Procuradora-geral da República defende maior flexibilidade do Ministério Público

Alberto Pita

A procuradora-geral da República considerou hoje que um dos principais desafios que se afiguram ao futuro do Ministério Público é atingir uma “flexibilidade suficiente com estruturas de orientações transversais que permitam responder às diversas solicitações”, sem prejuízo da manutenção de uma organização hierarquizada.

Uma flexibilidade “que nos permita responder àquilo que é simples de uma maneira simples, que nos permita responder àquilo que é complexo, que exige uma atuação conjunta, de uma maneira capaz e que nos permita responder de uma forma especializada às diversas matérias que se nos colocam sem perdermos a noção do conjunto”, disse Joana Marques Vidal, na cerimónia de abertura do XI Congresso dos Magistrados do Ministério Público que está a decorrer no Funchal.

Numa altura em que está em discussão o novo Estatuto do Ministério Público, Joana Marques Vidal defendeu “a manutenção e a promoção da atual arquitetura constitucional, naquilo que consagra o Ministério Público como uma magistratura, que tem um estatuto de autonomia e com tudo o que isso implica”.

Além disso, “penso que é essencial manter a estrutura da matriz das diversas competências que o Ministério Público tem no modelo português”. Uma matriz que remete o MP para a essencialidade de ser uma magistratura de iniciativa, em defesa da legalidade democrática e em defesa dos direitos dos cidadãos na promoção da igualdade dos mesmos perante a lei.

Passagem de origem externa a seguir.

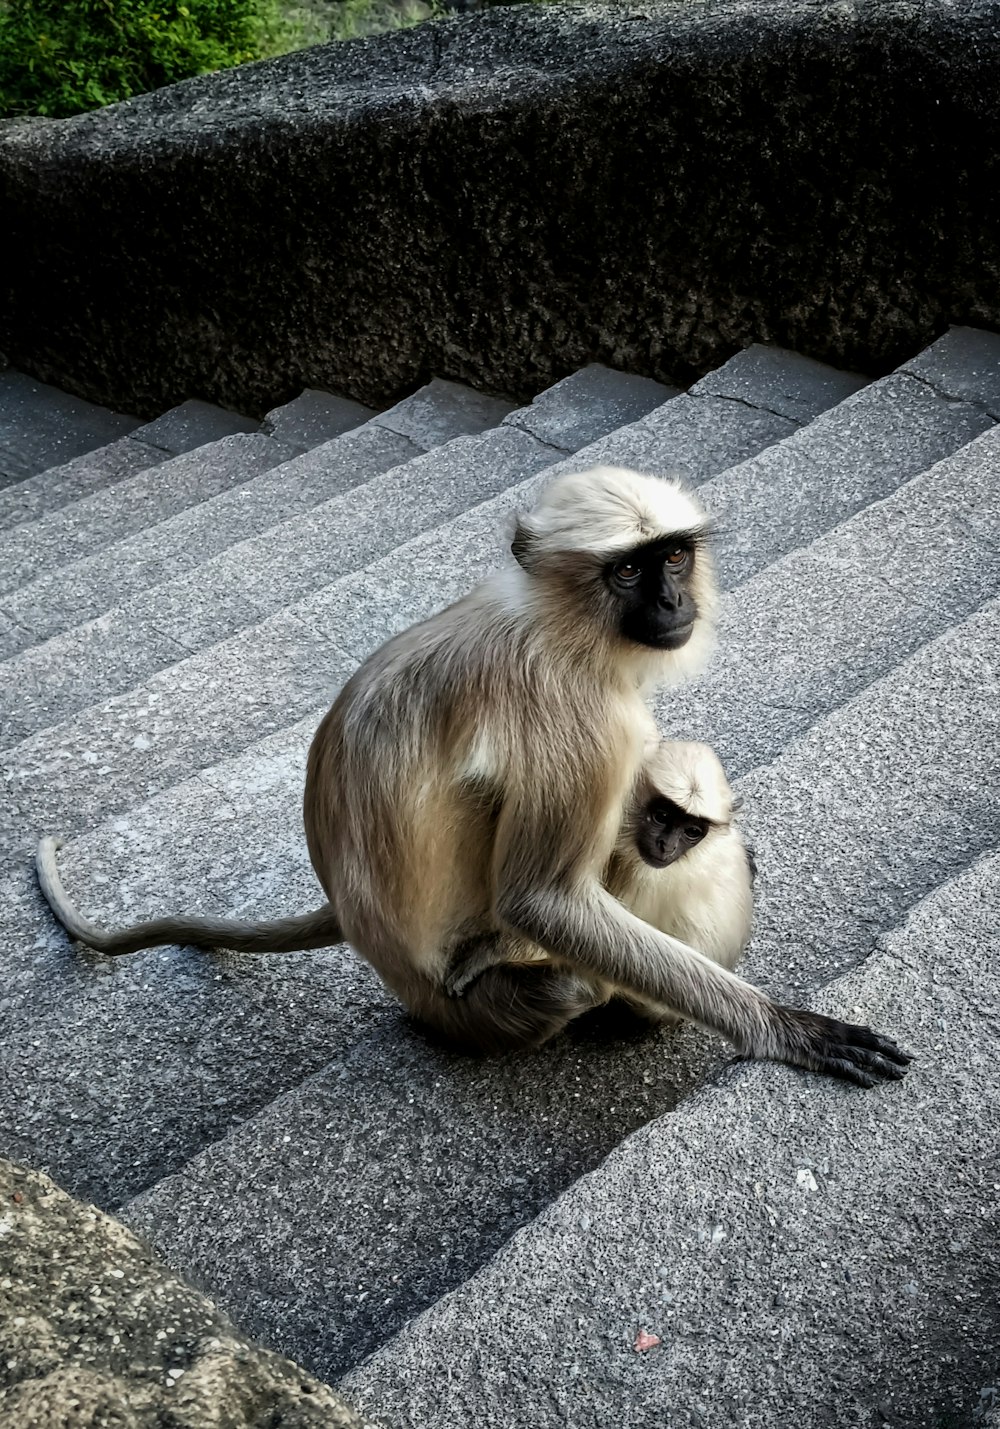 Un mono sentado en una roca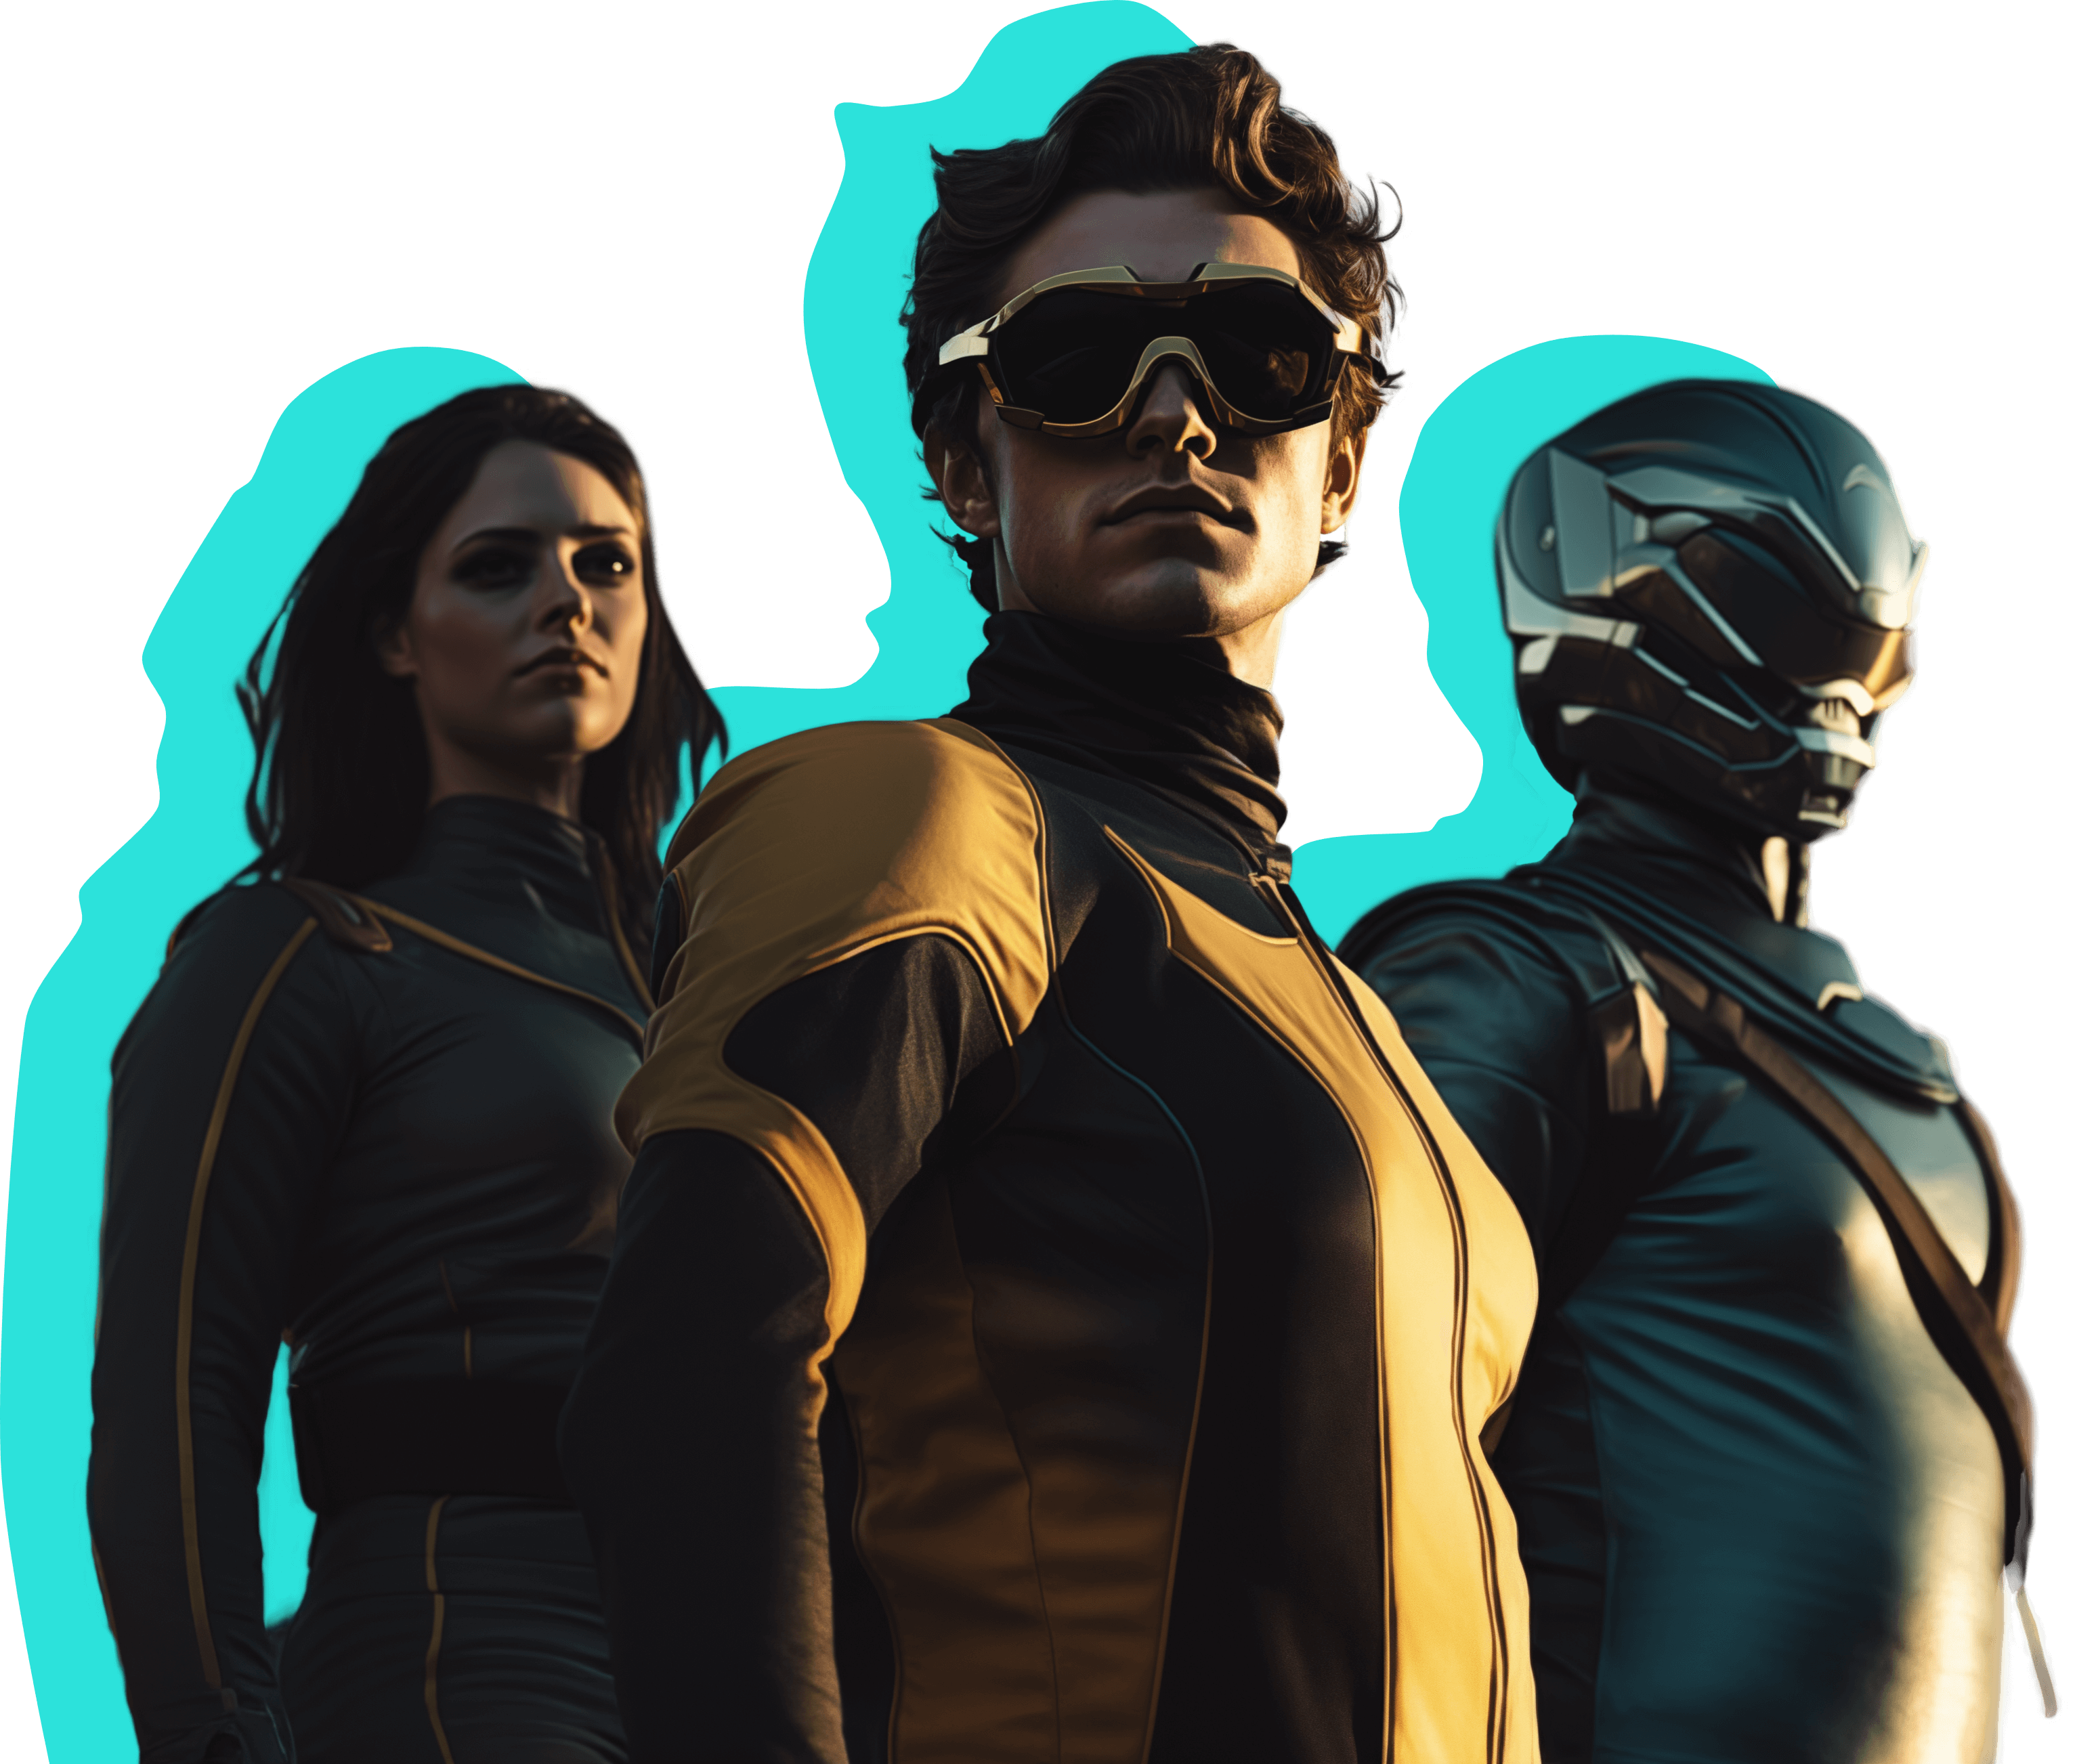 Drei Personen in futuristischen Superhelden-Outfits. Einer trägt eine dunkle Schutzbrille, ein anderer einen Metallhelm und der dritte einen eleganten dunklen Anzug. Türkise Umrisse heben jede Figur hervor.

Para a procuradora-geral da República, é “essencial” que o debate sobre o futuro do Ministério Público envolva “a sociedade portuguesa” ativamente, mas que o mesmo se faça com “serenidade” e “rigor”, sem a influência da “poeira” e “espuma dos dias” e as “discussões que tão do agrado são de alguns que, designadamente incendeiam os órgãos de comunicação social e também as redes sociais”.